The present study examined the specificity and reliability of conflict adaptation effects using a mouse-tracking paradigm for the Stroop and Flanker tasks. Several important findings emerged. First, a significant sequential congruency effect (SCE) was observed on both Flanker and Stroop tasks across several mouse-tracking metrics. Second, SCEs showed weak or absent within-task reliability. Third, SCEs were correlated between tasks for mouse-tracking metrics that capture deviation from the optimal response path, but not for overall response times. These findings have implications for theories wishing to tease apart the specificity and generality of sequential congruency effects and demonstrate the power of examining dynamic responses in addition to discreet outcomes. Each finding is discussed in turn.

The finding that significant SCEs were observed for the both the Stroop and Flanker tasks is important given that it is the first report, that the author is aware of, to demonstrate SCEs with mouse-tracking on these tasks. Previous work has demonstrated robust SCEs on dynamic mouse-tracking metrics on the Simon task (Scherbaum et al., 2010, 2018), and the present findings contribute to this effort by examining dynamic processes of SCEs on two of the most commonly used paradigms in the literature: Stroop and Flanker. SCE effect sizes are often quite small (Braem et al., 2019), a finding replicated here with overall reaction times (η² = 0.12). However, the effect sizes were substantially larger for measures of maximum deviation (η² = 0.30) and area under the curve (η² = 0.29) for the Flanker task. Thus, mouse-tracking paradigms might provide more sensitive measures of SCEs and allow more detailed investigations of conflict adaptation. On the other hand, the Stroop task did not replicate this pattern and the effect sizes were generally smaller than those observed on the Flanker task. This was not surprising given that van Steenbergen et al. (2015) demonstrated across four experiments that the Stroop task does not reliably demonstrate the SCE. They showed that this is due to the subjective experience of difficulty on the Stroop task relative to the flanker task. In the present study, the Stroop task was objectively more difficult, as evidenced by slower and less accurate responses than the flanker task. This may also help to explain the small within-task SCE reliability for the Flanker task but almost complete absence of reliability for the Stroop task (Figures 4, 5).

Using the most common method to estimate split-half reliability, we compared the first half of trials to the second half of trials within each task. Initial correlations revealed no significant split-half reliabilities on either task across all dependent variables. This replicates and extends recent findings by Whitehead et al. (2019) who also showed that Flanker and Stroop tasks showed no within-task reliability using this method.

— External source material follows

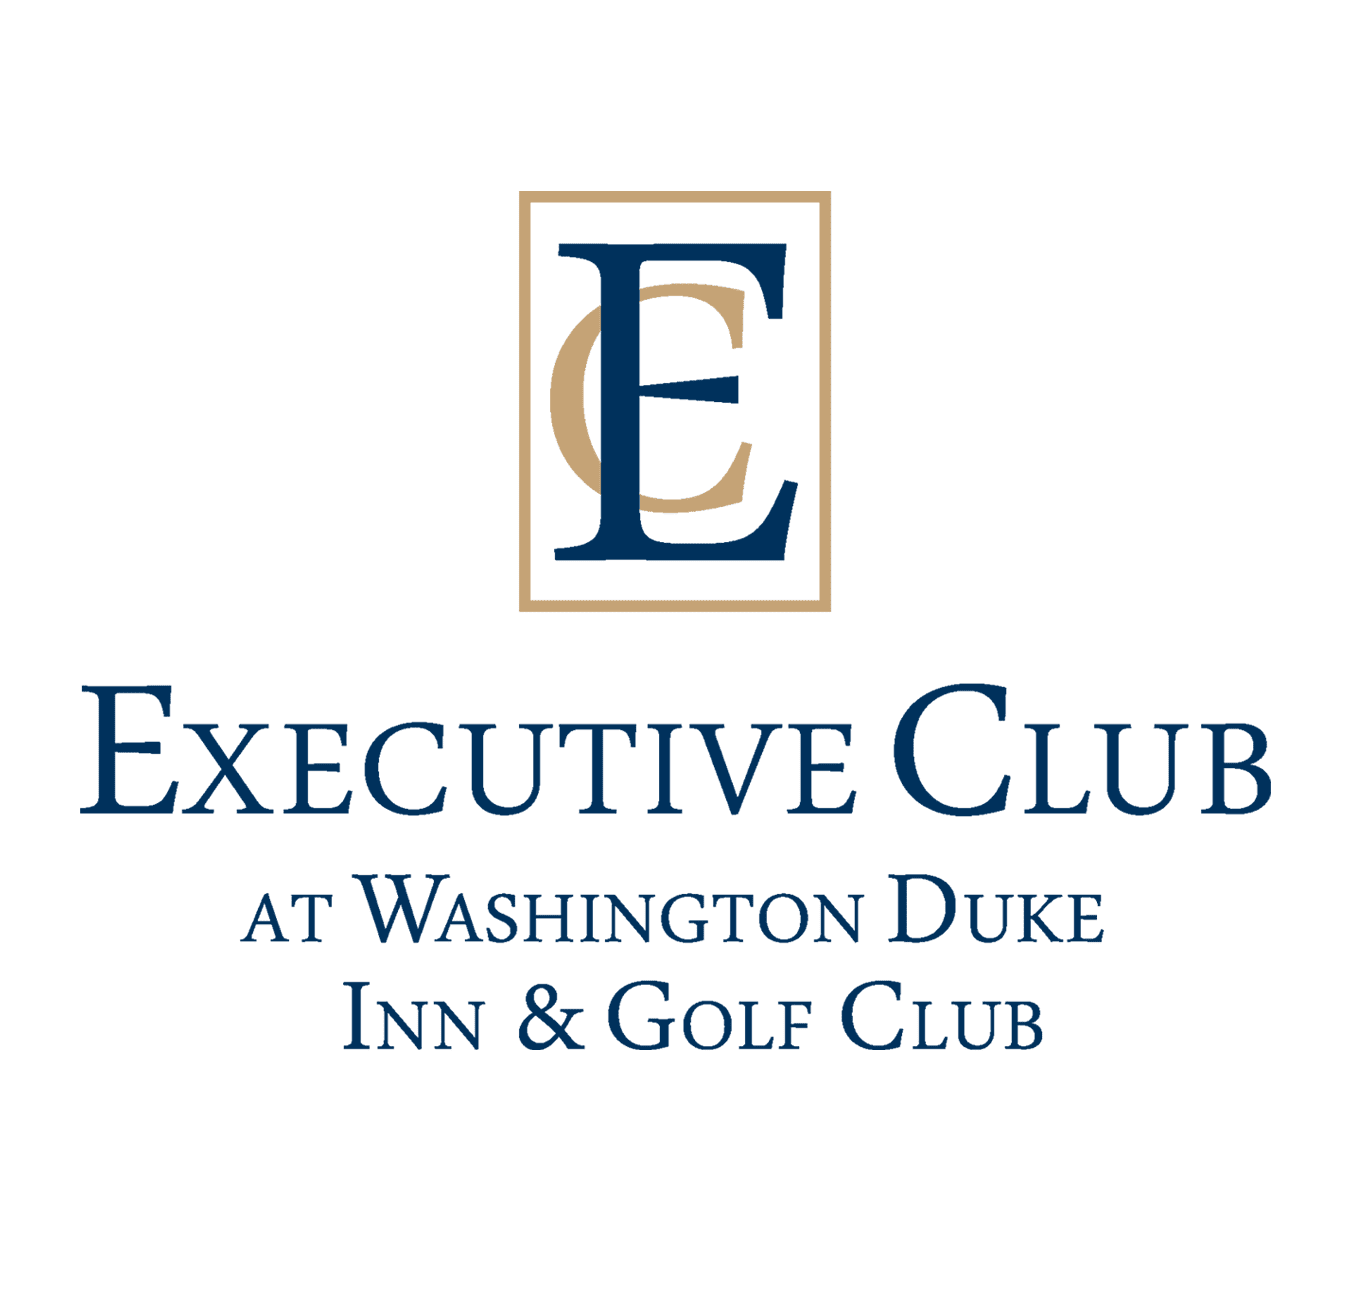 Executive Club at Washington Duke Inn & Golf Club

After Spearman-Brown correction to account for the fact that only half of the trials were being used for these estimates, reliability estimates were significant for Time to Maximum Deviation for the flanker task and Movement Times for the Stroop task, but not for overall Reaction Times. Accounting for practice effects by using odd trial compared to even trials produced significant split-half within-task reliability for four out of the six metrics on the Flanker task, which is the task that generally showed stronger SCEs. Furthermore, the strongest within-task reliability estimate was observed on the Time to Maximum Deviation metric. The Stroop task did not produce any significant within-task correlations among the dependent variables. Overall, despite showing large SCEs for both the Flanker and the Stroop task at the group level across dependent variables, within-task reliabilities were weak at best, and absent in many correlations. These findings are problematic for researchers wishing to use an individual differences approach on conflict adaptation effects, and similar issue have been raised for overall congruency effects (Rouder and Haaf, 2019).

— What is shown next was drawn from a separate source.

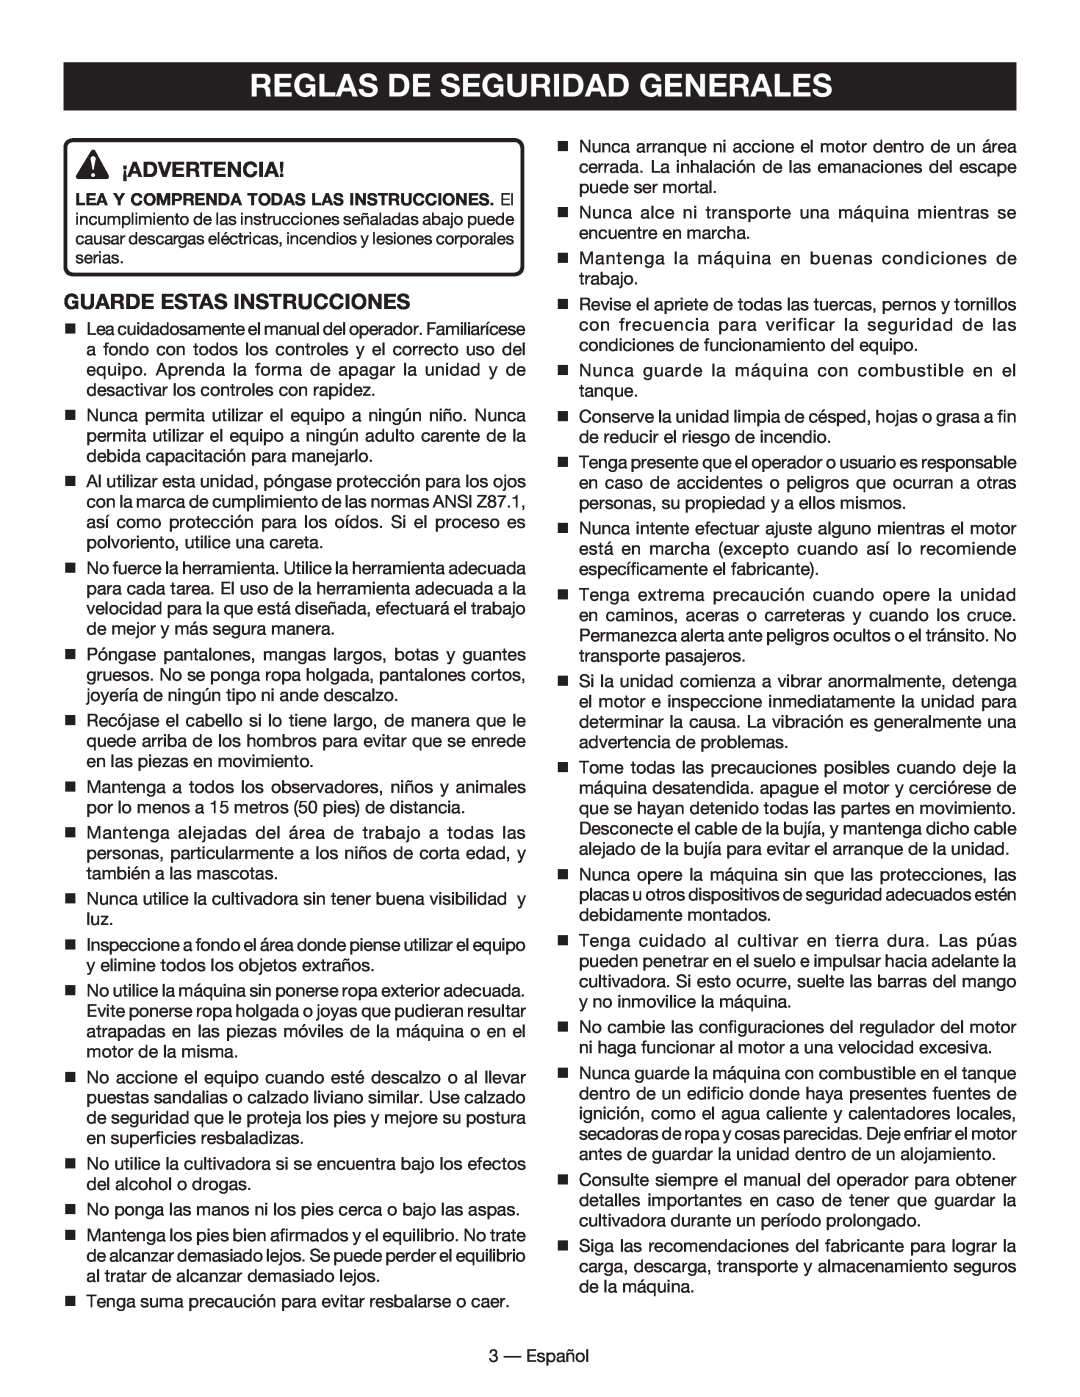 Homelite UT60526 manuel dutilisation Reglas De Seguridad Generales, ¡Advertencia, Guarde estas instrucciones

The central issue of the present paper however was to assess the generalizability of conflict adaptation effects across rather than within tasks. In other words, to the extent that an individual shows a large SCE on one task, will he/she/they show a large effect on the other? The answer to this question has implications for theories like the conflict monitoring theory (Botvinick et al., 2001), one of the most influential theories of cognitive control to date (Schmidt, 2019). The theory stipulates that a general control mechanism is responsible for conflict adaptation, and thus, SCEs should correlate across tasks (Whitehead et al., 2019). Using overall reaction times in the present experiment, as has been done previously (reviews in Egner, 2014; Schmidt, 2019), the observed outcome is that SCEs do not correlate across tasks, which is problematic for the conflict monitoring theory. However, maximum deviation and area under the curve of the mouse trajectory, reflecting dynamic decision processes before response execution, revealed significant (albeit weak) between-task reliability.

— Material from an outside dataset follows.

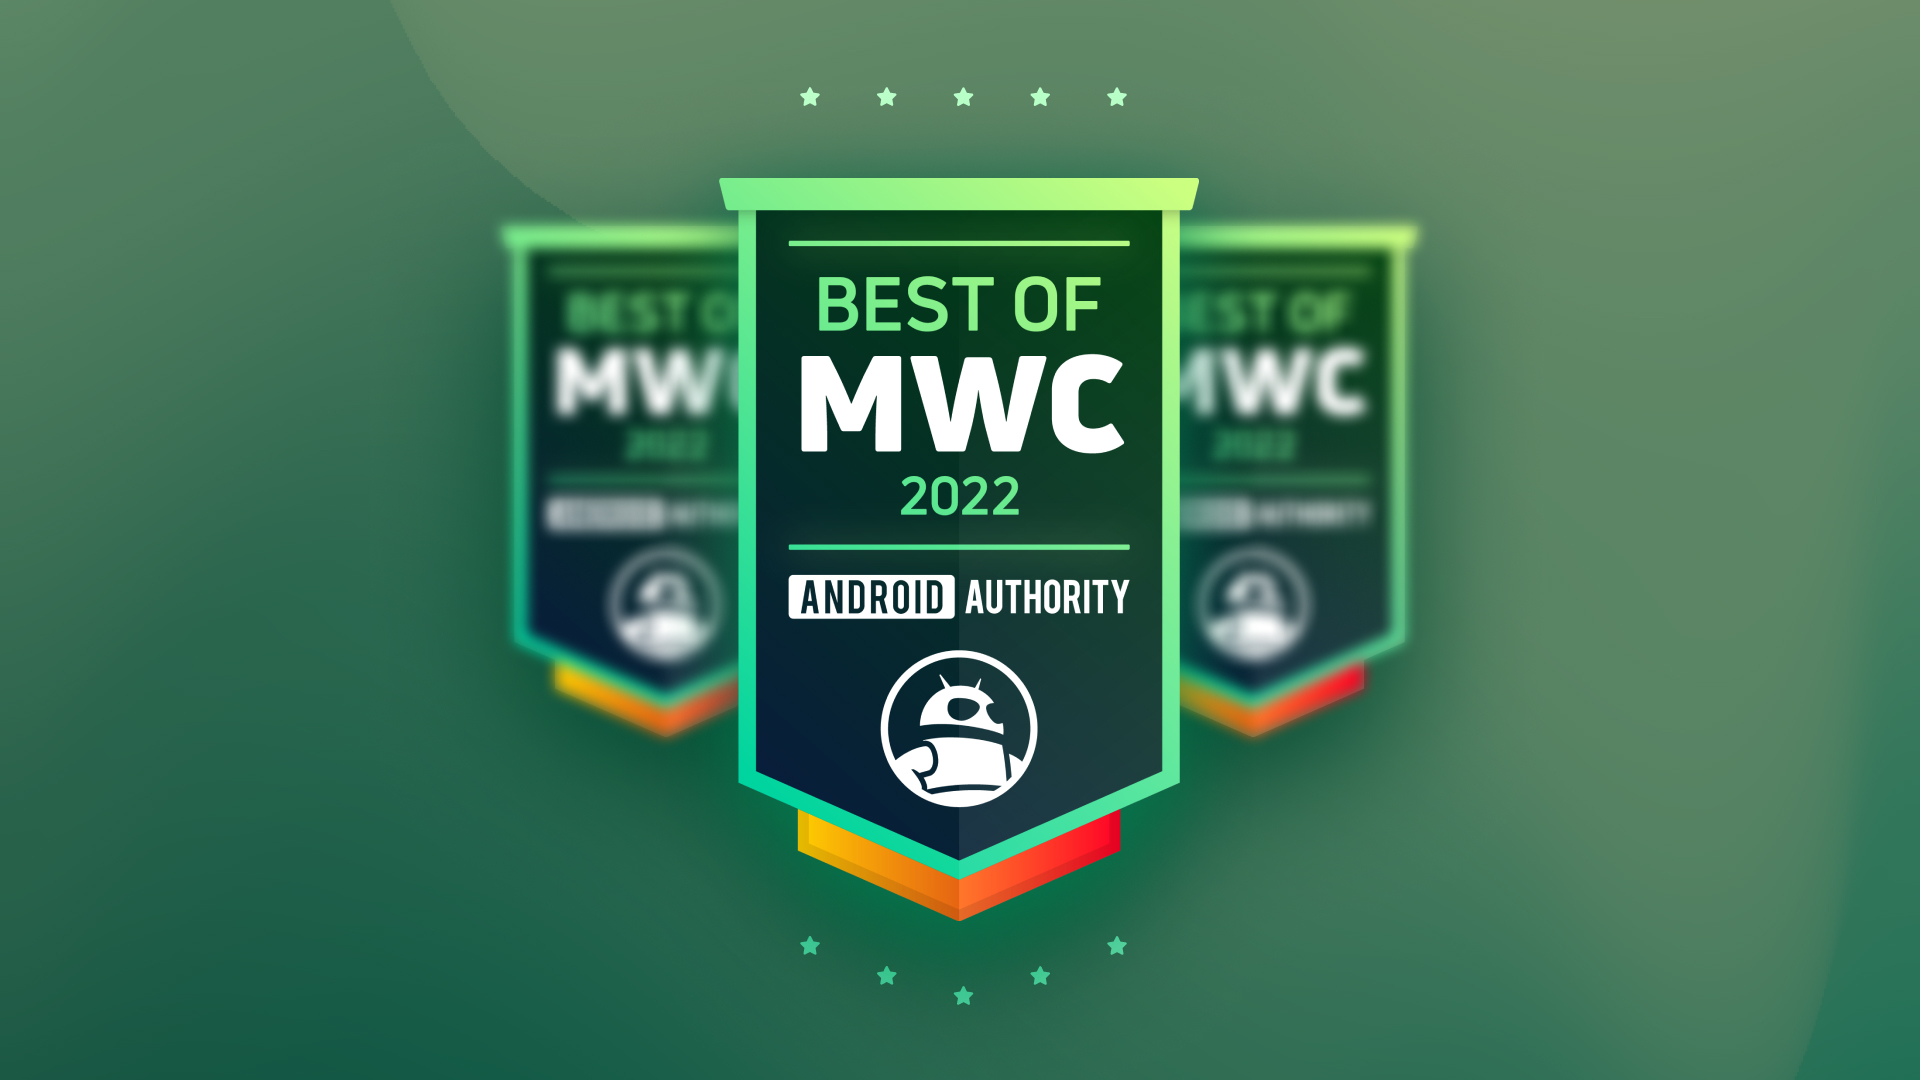 Best of MWC 2022 Awards header

It is important to note that the present findings are not meant to provide definitive evidence for or against the conflict monitoring theory, nor can they speak to the longstanding debate between top-down (Botvinick et al., 2001; Clayson and Larson, 2011; Weissman et al., 2014; Feldman and Freitas, 2016) and bottom-up (Hommel et al., 2004; Schmidt and De Houwer, 2011; Schmidt, 2019) accounts of the SCE. This is especially true considering that the present design contains feature/response repetitions and contingency learning confounds. There were unfortunately not enough trials in the present study to examine response repetitions needed to tease apart these theories, but future studies are encouraged to do so. More trials would also allow for researchers to examine better estimates for both within- and between-task reliability estimates. It is important to note that within- and between-task reliability estimates should not be treated as completely separate phenomena given that one should not expect between-task reliability if within-task reliability estimates are not significant. A reason for any observation in which within-task reliability is weak or absent and between-task reliability is significant can be explained by the number of trials within each of the calculations. The within-task reliability is calculated by correlating either odd trials to even trials or the first half of trials to second half of trials. The between task reliability is calculated by correlating the overall SCE across all trials. This means that the within-task reliability estimates use only half the number of trials that the between task reliability uses, which lowers the reliability estimate by design. Another issue is that trial numbers in the present study are already lower than the number of trials for reliability estimations on typical Stroop and Flanker tasks, given that the task was initially designed for a separate purpose (as stated on page 6 under the Participants subheading). The SCE paradigm in the present paper deviates from the usual SCE paradigm for button presses in that there is a start button at the beginning of every trial. This could contribute to the observed reliability effects. A final consideration is that some have argued that experimental tasks are not designed to be used as individual differences measures, so it may be the case that a quest for more sensitive measures of SCEs is not as meaningful as one might hope (Hedge et al., 2018; Luck, 2019).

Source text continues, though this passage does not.